GIVEN INFORMATION section start

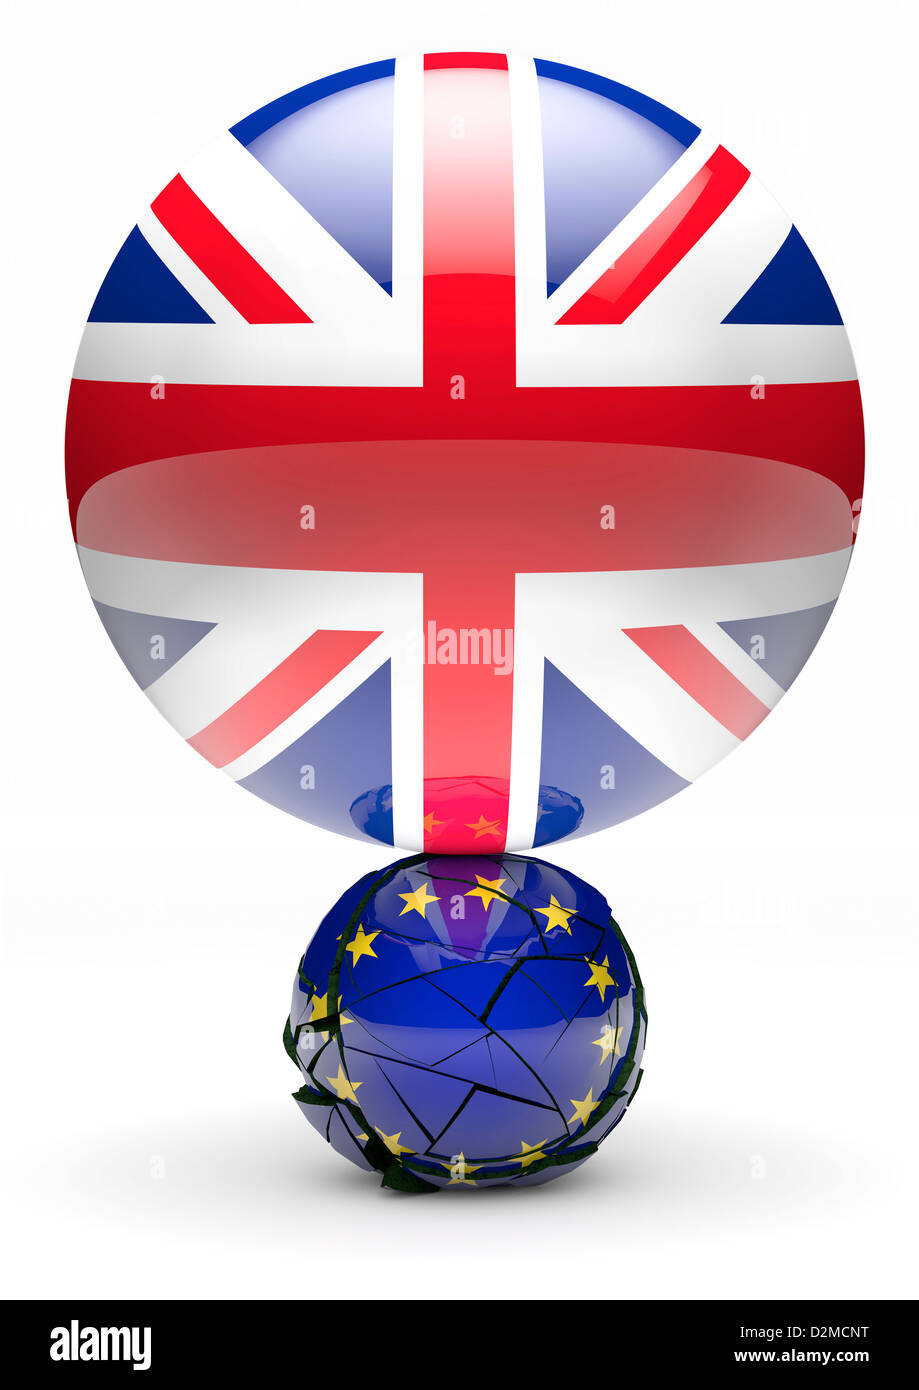 EU referendum concept - Union flag sphere crushing smaller European flag sphere Stock Photo
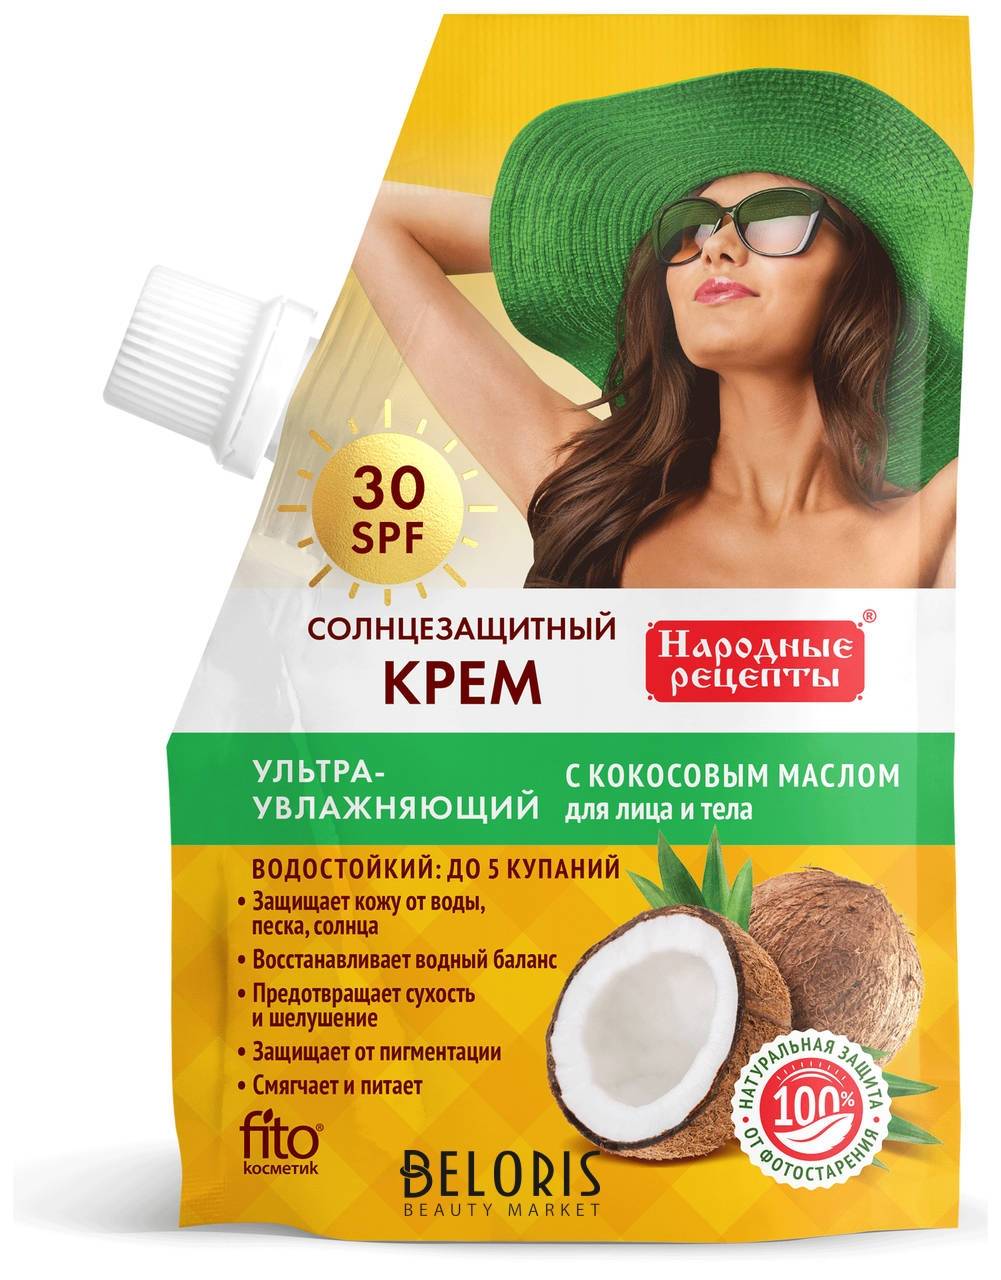 Солнцезащитный крем для лица и тела льтраувлажняющий 30 SPF Фитокосметик Народные рецепты
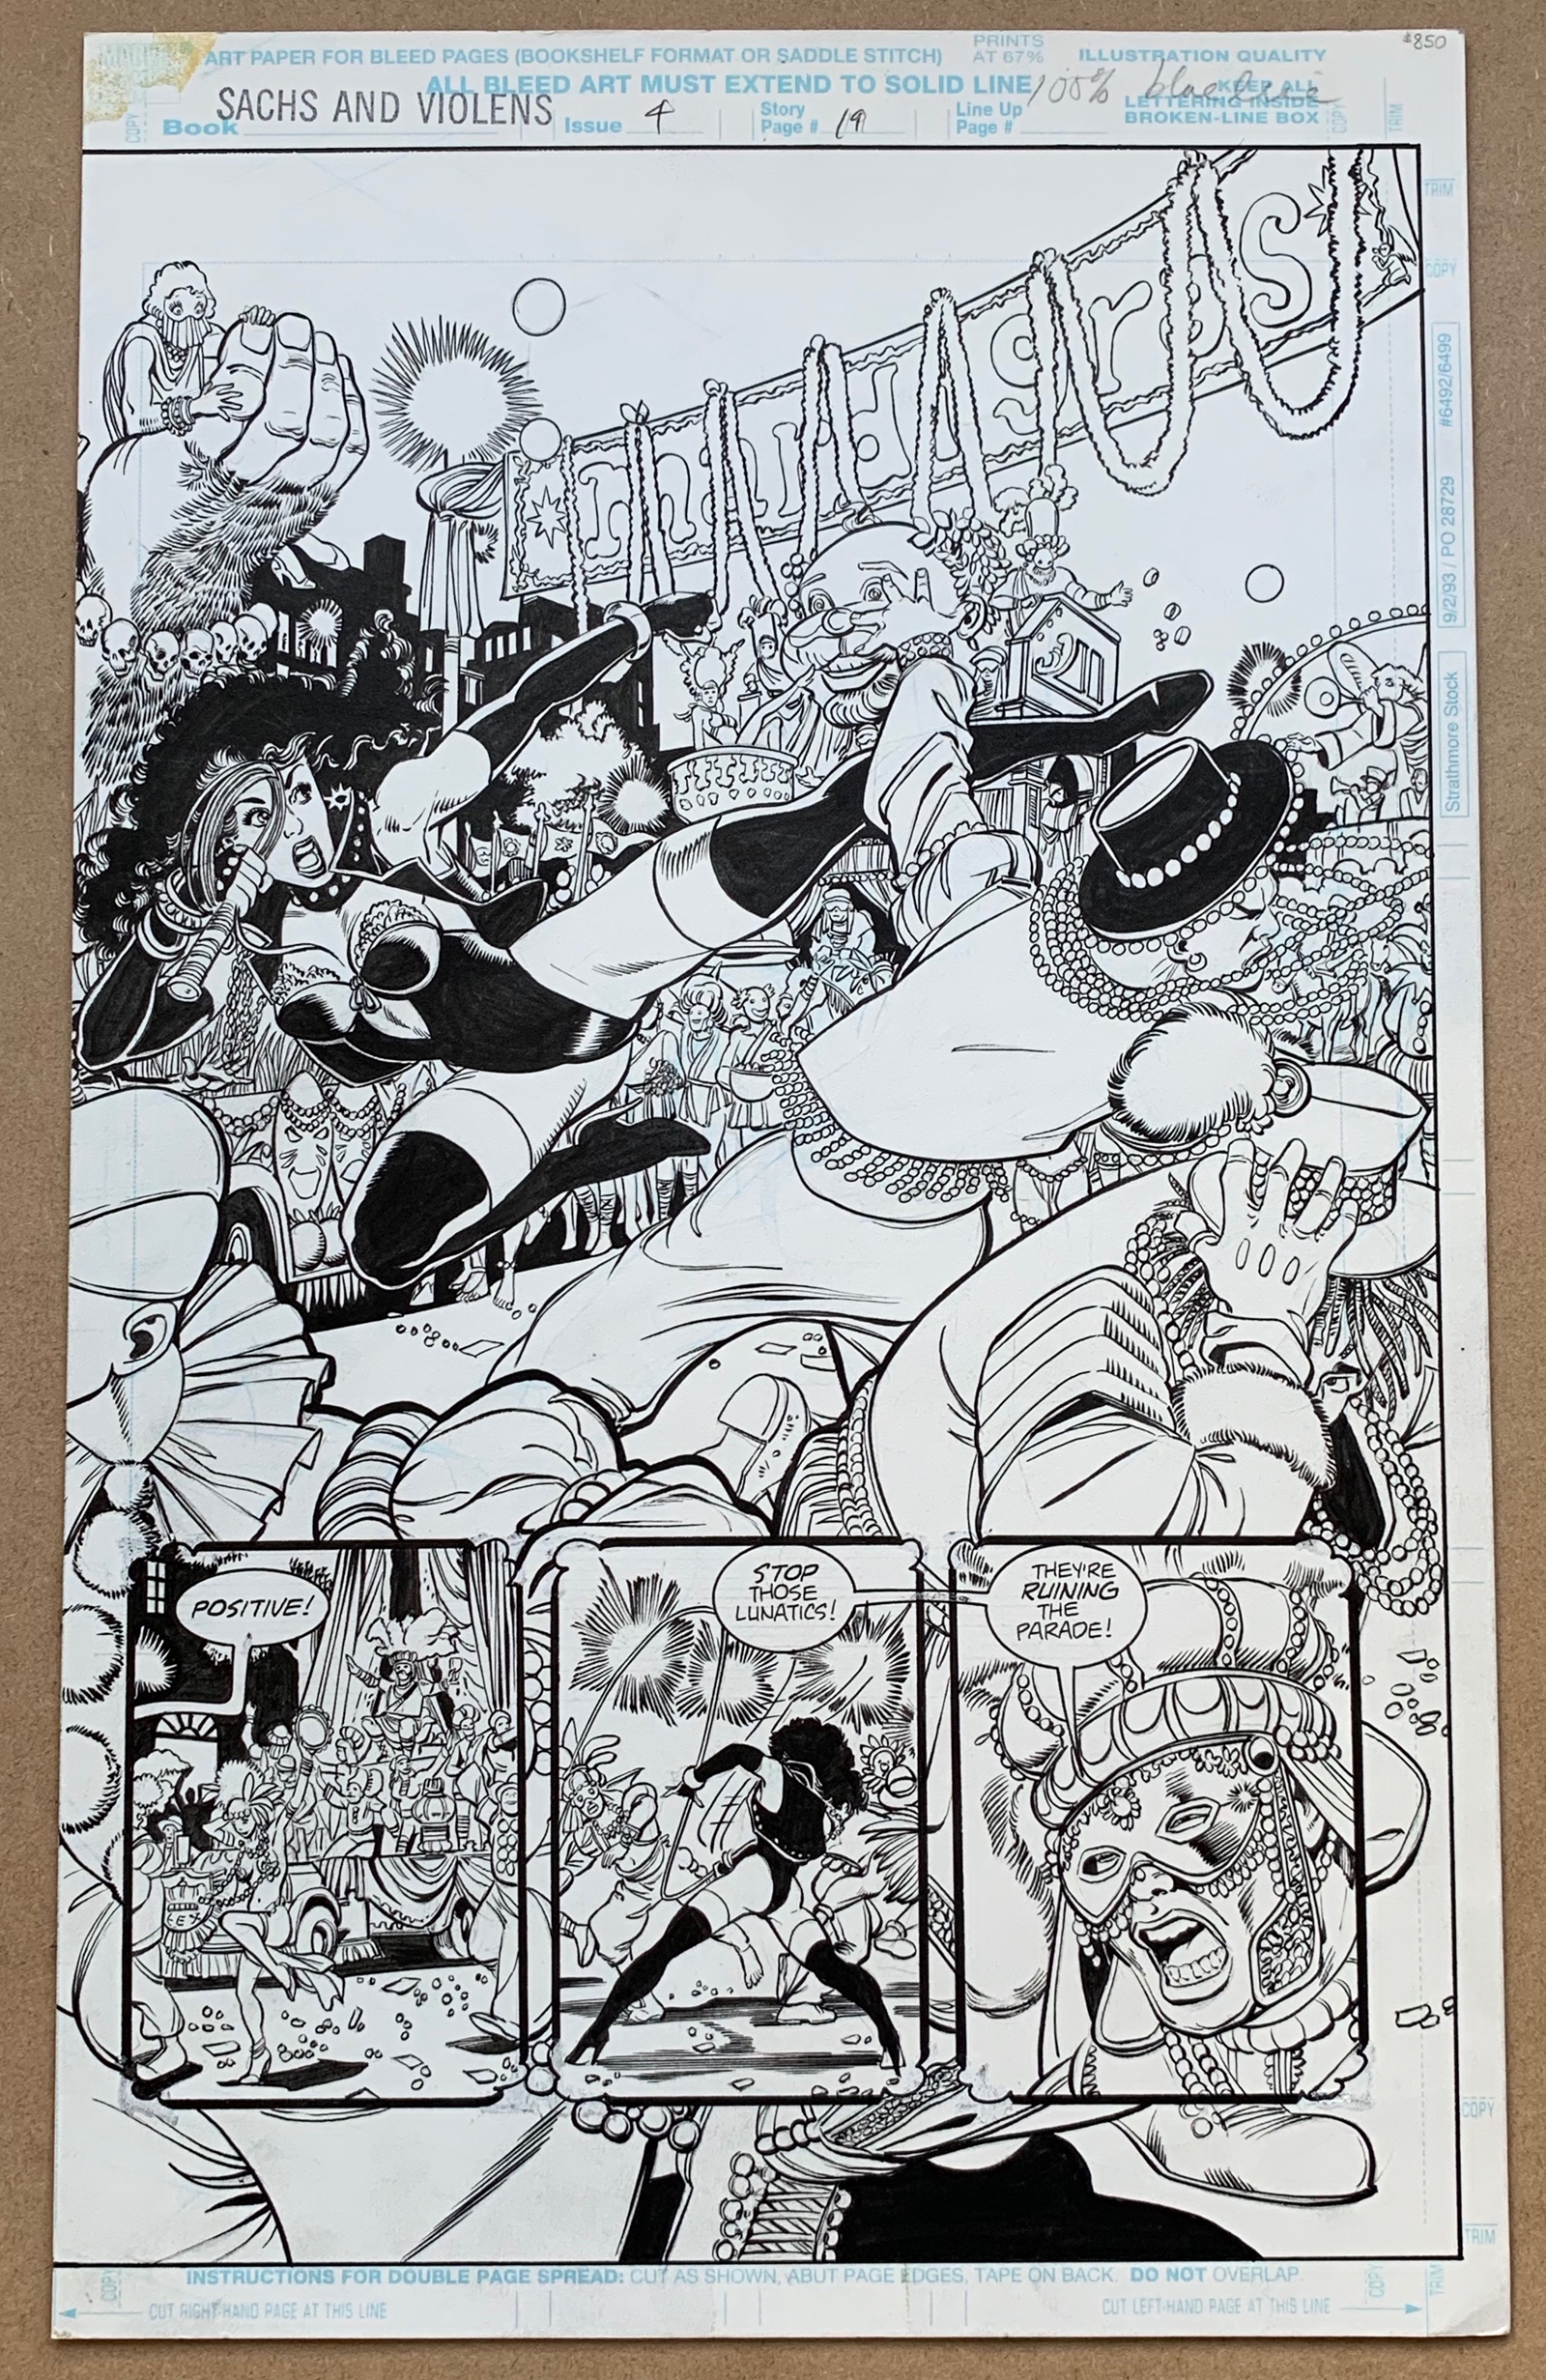 SACHS & VIOLENS #4 (1994) - ORIGINAL ARTWORK - GEORGE PEREZ (Artist) & ARNE STARR (Inker) - Pages 18 - Image 4 of 4

GIVEN INFORMATION section end

WHAT TO PRODUCE: Lines before the one containing "Солнцезащитный крем для" are not wanted; write out that line and every later line through the end of the data above, exactly, without pictures.

THE ANSWER:
 Солнцезащитный крем для лица и тела льтраувлажняющий 30 SPF Фитокосметик Народные рецепты
 SACHS & VIOLENS #4 (1994) - ORIGINAL ARTWORK - GEORGE PEREZ (Artist) & ARNE STARR (Inker) - Pages 18 - Image 4 of 4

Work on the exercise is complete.